ICVSLab., Department of Electronic Engineering, Yeungnam University, 280 Daehak-ro, Gyeongsan 38541, Gyeongbuk, Korea.
Department of Electrical Engineering, Pohang University of Science and Technology, Pohang 37673, Gyeongbuk, Korea.
Sensors (Basel). 2022 Mar 19;22(6):2374. doi: 10.3390/s22062374.
Making a new font requires graphical designs for all base characters, and this designing process consumes lots of time and human resources. Especially for languages including a large number of combinations of consonants and vowels, it is a heavy burden to design all such combinations independently. Automatic font generation methods have been proposed to reduce this labor-intensive design problem. Most of the methods are GAN-based approaches, and they are limited to generate the trained fonts. In some previous methods, they used two encoders, one for content, the other for style, but their disentanglement of content and style is not sufficiently effective in generating arbitrary fonts. Arbitrary font generation is a challenging task because learning text and font design separately from given font images is very difficult, where the font images have both text content and font style in each image. In this paper, we propose a new automatic font generation method to solve this disentanglement problem. First, we use two stacked inputs, i.e., images with the same text but different font style as content input and images with the same font style but different text as style input. Second, we propose new consistency losses that force any combination of encoded features of the stacked inputs to have the same values. In our experiments, we proved that our method can extract consistent features of text contents and font styles by separating content and style encoders and this works well for generating unseen font design from a small number of reference font images that are human-designed. Comparing to the previous methods, the font designs generated with our method showed better quality both qualitatively and quantitatively than those with the previous methods for Korean, Chinese, and English characters. e.g., 17.84 lower FID in unseen font compared to other methods.
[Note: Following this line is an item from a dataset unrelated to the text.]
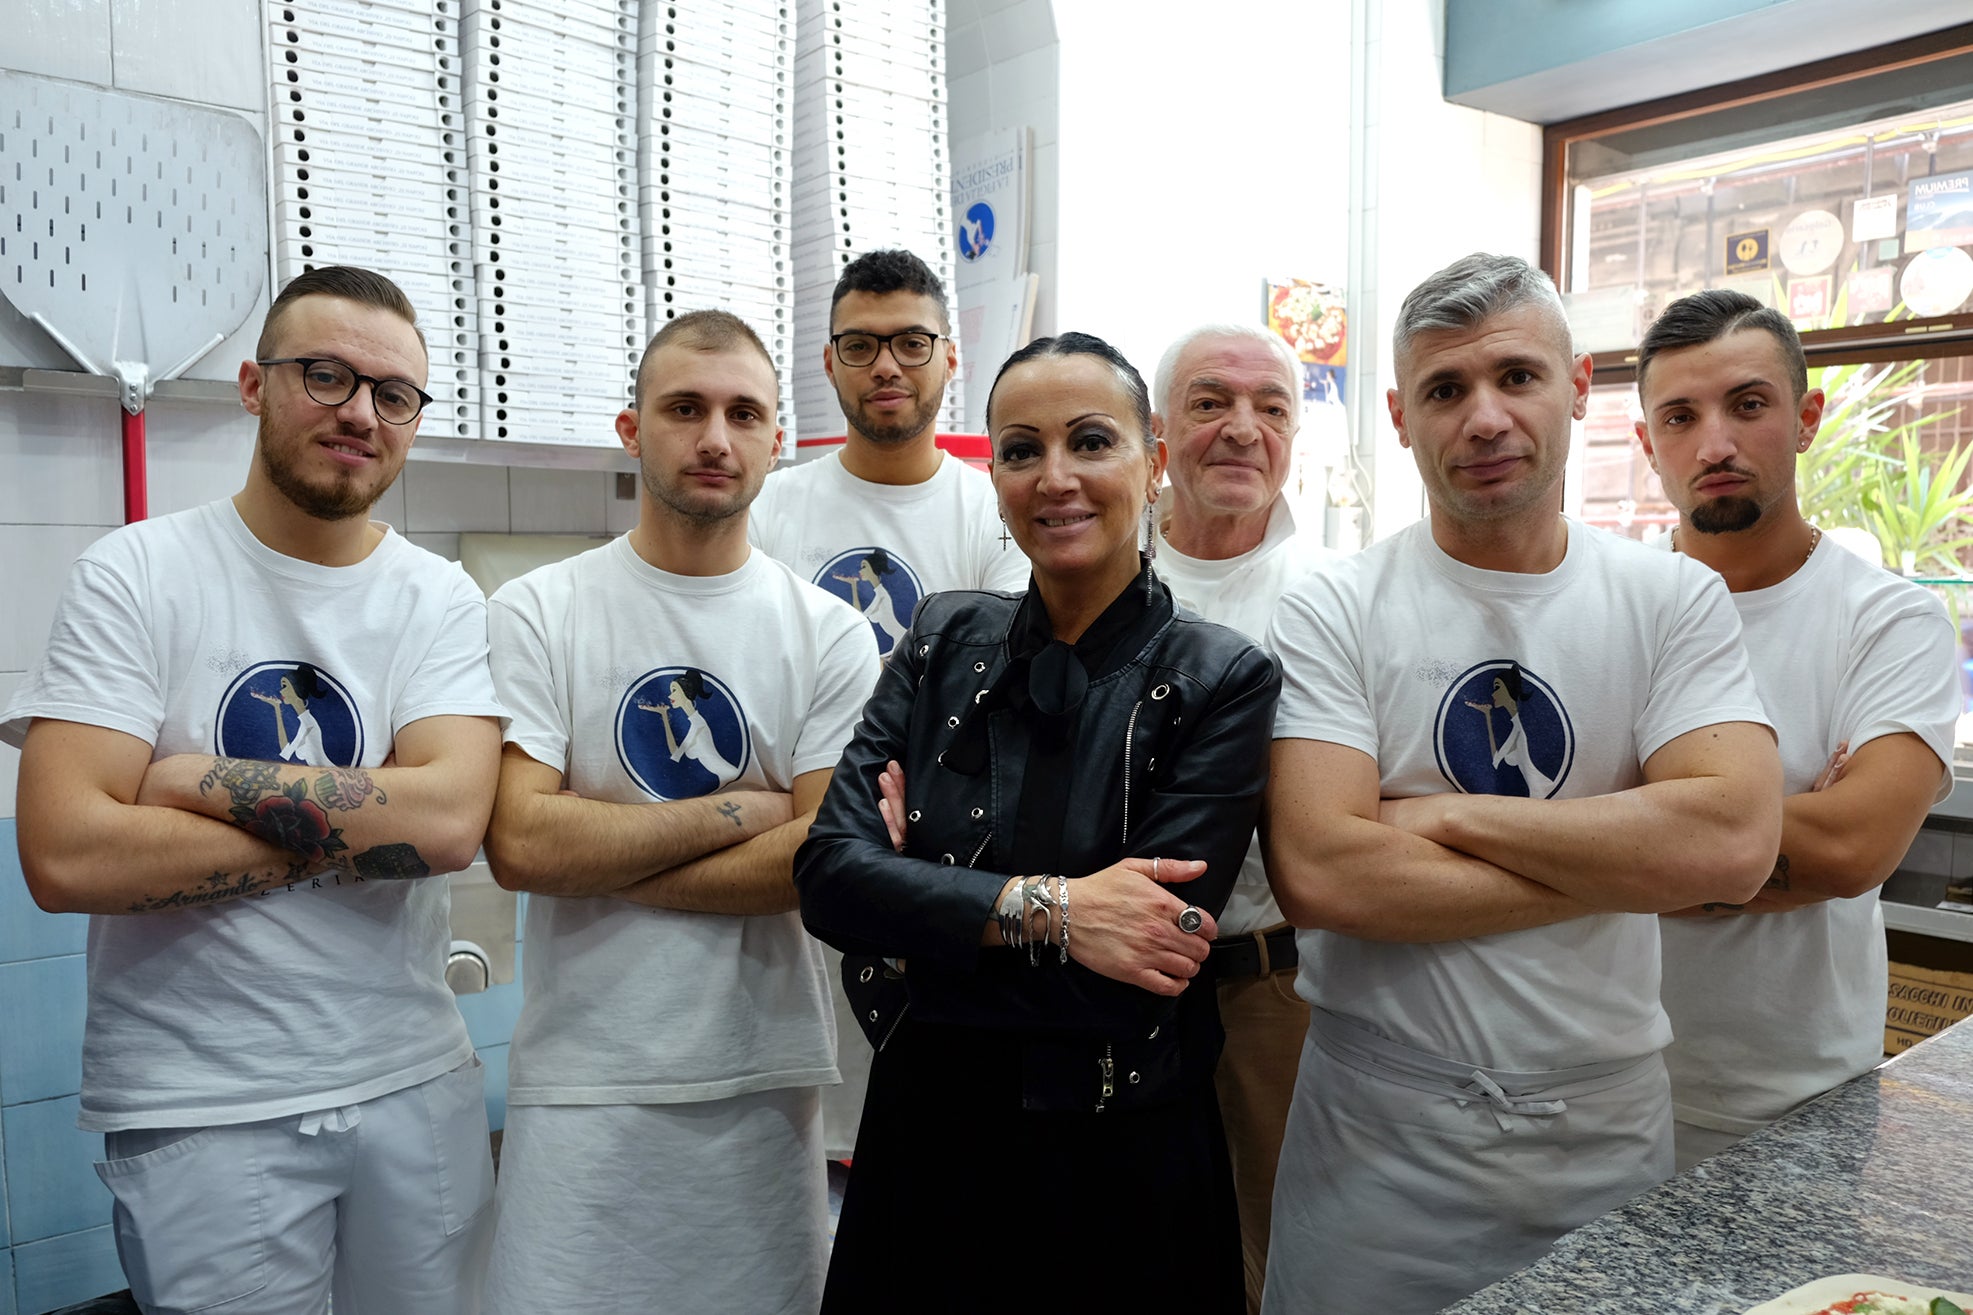 Maria Cacialli is the only woman in a team of 20 pizza makers

制作一种新字体需要为所有基本字符进行图形设计,而这个设计过程需要消耗大量的时间和人力资源。特别是对于包含大量辅音和元音组合的语言,独立设计所有这些组合是一个沉重的负担。已经提出了自动字体生成方法来减少这种劳动密集型的设计问题。大多数方法都是基于 GAN 的方法,它们仅限于生成训练过的字体。在之前的一些方法中,他们使用了两个编码器,一个用于内容,另一个用于风格,但它们在生成任意字体方面的内容和风格的解耦效果并不充分。任意字体生成是一项具有挑战性的任务,因为从给定的字体图像中分别学习文本和字体设计非常困难,其中字体图像在每个图像中都具有文本内容和字体样式。在本文中,我们提出了一种新的自动字体生成方法来解决这个解耦问题。首先,我们使用两个堆叠的输入,即具有相同文本但不同字体样式的图像作为内容输入,以及具有相同字体样式但不同文本的图像作为样式输入。其次,我们提出了新的一致性损失,迫使堆叠输入的编码特征的任何组合具有相同的值。在我们的实验中,我们证明了我们的方法可以通过分离内容和风格编码器来提取文本内容和字体样式的一致特征,并且对于从少数人类设计的参考字体图像生成看不见的字体设计效果很好。与之前的方法相比,我们的方法生成的字体设计在质量和数量上都优于之前的方法,对于韩文、中文和英文字符,例如,看不见的字体的 FID 低 17.84。